When women come to the Bean Project we hope to help them become role models for their families and communities by displaying the skills required to get and keep long-term work, knowing how to communicate effectively, understanding their emotional triggers that get in the way of maintaining positive behaviors. Essentially, they must be motivated to learn, act and then keep doing all the things that will help them be successful and break the cycle.
Several years ago a woman name Jazzmine arrived at the Bean Project ready to change the course of her life. She’d grown up with drug dealers and users and with no examples to follow. With no role models for employment or even a mainstream lifestyle, it was not surprising that Jazzmine began to follow the example of the rest of her family. After becoming justice-involved, Jazzmine was fortunate enough to be assigned a case manager who gave her food for thought: Who said that she had to repeat the behavior of her other family members? Why couldn’t she be the one to break the cycle? I remember Jazzmine saying what motivated her to create change in her life was this comment from her case manager. Change has to start somewhere, why can’t she be the one to do it?

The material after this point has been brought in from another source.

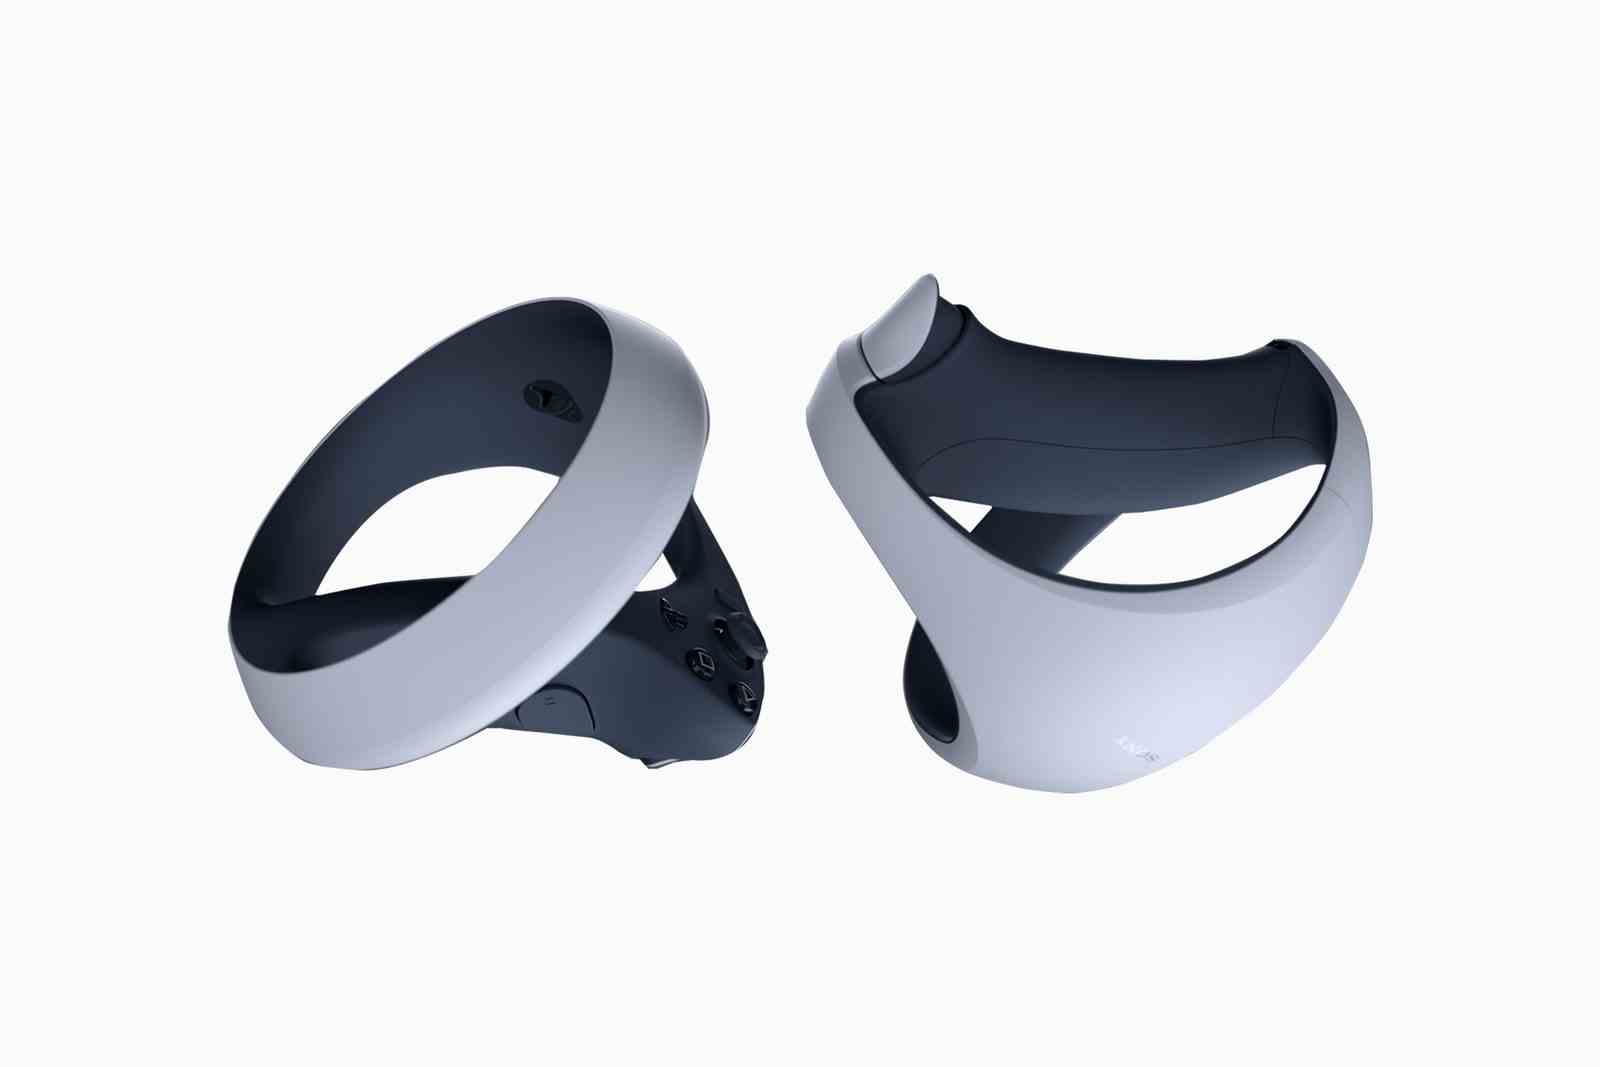 Oubliez le métaverse, la PlayStation VR2 de Sony vous rendra à nouveau adepte de la réalité virtuelle

Jazzmine successfully completed the program and went on to a job. Though her life has not been without challenges since she graduated from Women’s Bean Project, I believe that she will find her way. More importantly, I am confident that if Jazzmine ever has a daughter, she will not need us because Jazzmine will break the cycle.
As long as we are needed, Women’s Bean Project will exist in the community, ready to help women create lasting change by learning the job readiness and life skills needed to get and keep employment. I merely hope there will be a day when we are no longer needed because we have effectively solved the problem we set out to address. That is my vision for our future.